Zhang Dan (; born 16 January 1982) is a Chinese badminton player and in 2008 she started representing Macau.

Career 
Zhang was specialized in women's doubles and mixed doubles, earning numerous international titles in both events.

At the 2005 World Championships tournament she took a bronze in women's doubles with Zhang Yawen.
At the 2007 Summer Universiade she took a silver medal with the Chinese mixed team and two individual bronze medals in women's doubles with Wang Lin and in mixed doubles with Chen Hong.

She reached nine finals at Grand Prix events in women's doubles between 2003 and 2006, winning three events with Zhang Yawen, the 2004 Thailand Open & German Open and the 2005 Singapore Open.

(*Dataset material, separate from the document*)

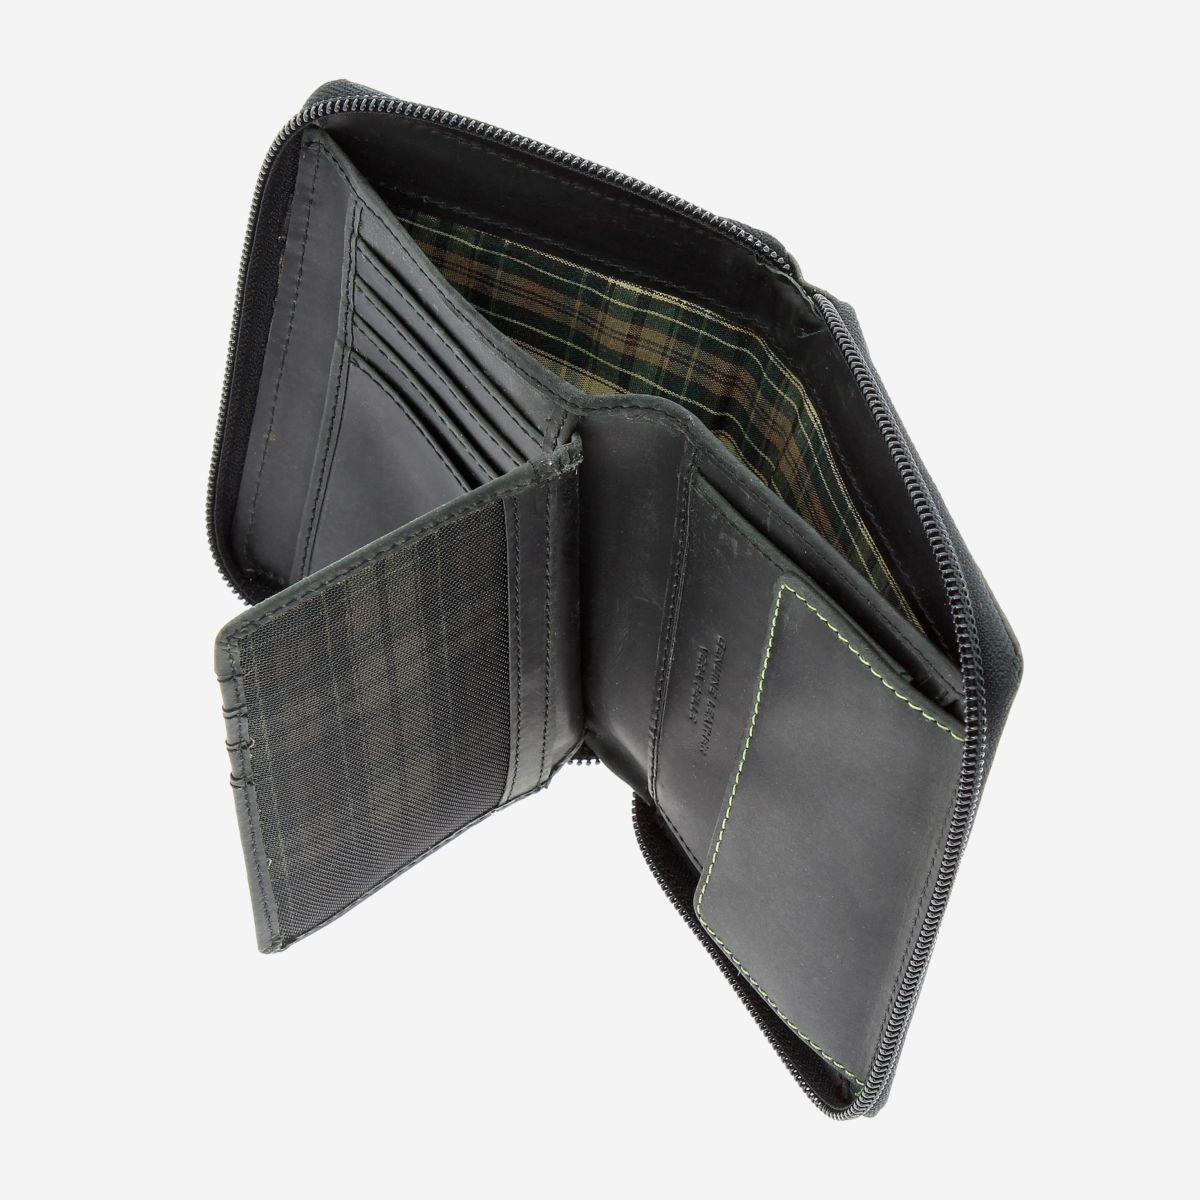 DuDu ארנק עור איטלקי עם רוכסן - שחור

In 2007, she became the women's doubles semifinalist of the Korea International Challenge tournament partnered with Zhang Zhibo.

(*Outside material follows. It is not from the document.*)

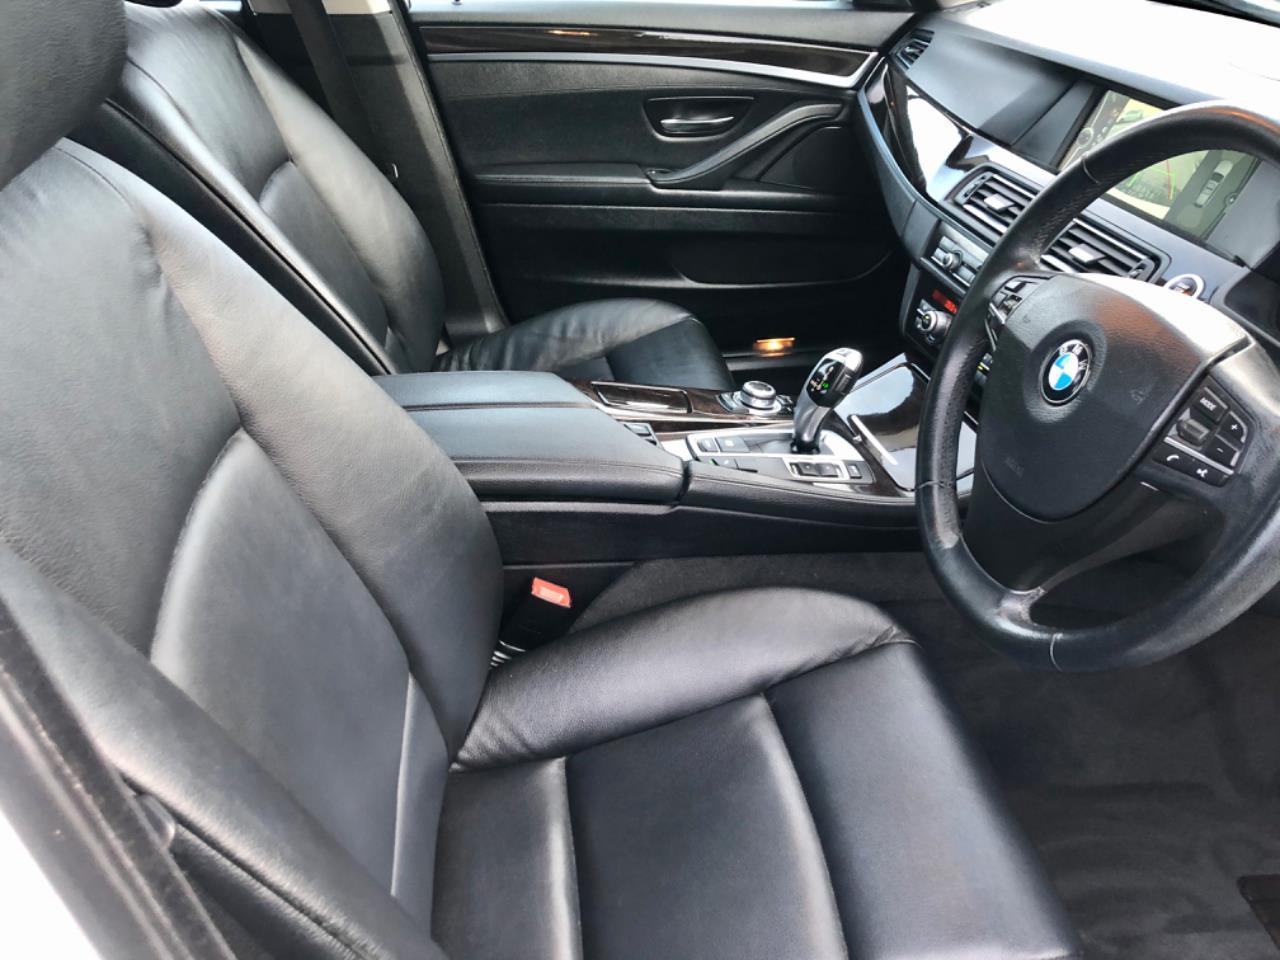 image-9, 2011 BMW 523i at Christchurch

In 2008, she became the women's doubles runner-up of the China Masters tournament partnered with Zhang Zhibo. They were defeated by Cheng Shu and Zhao Yunlei of China in straight games 14–21, 11–21.

In 2009, she and partner Zhang Zhibo won the gold medal for Macau at the East Asian Games in the women's doubles event after they beat the top seeds from China, Ma Jin and Wang Xiaoli with the score 22–20, 21–16. She also became the women's doubles semifinalist of the Macau and Denmark Open tournaments. At Macau, she and her partner Zhang Zhibo were defeated by the 2008 Olympic Games gold medalist Du Jing and Yu Yang with the score 10–21, 17–21; and at Denmark, they were defeated by Pan Pan and Zhang Yawen of China.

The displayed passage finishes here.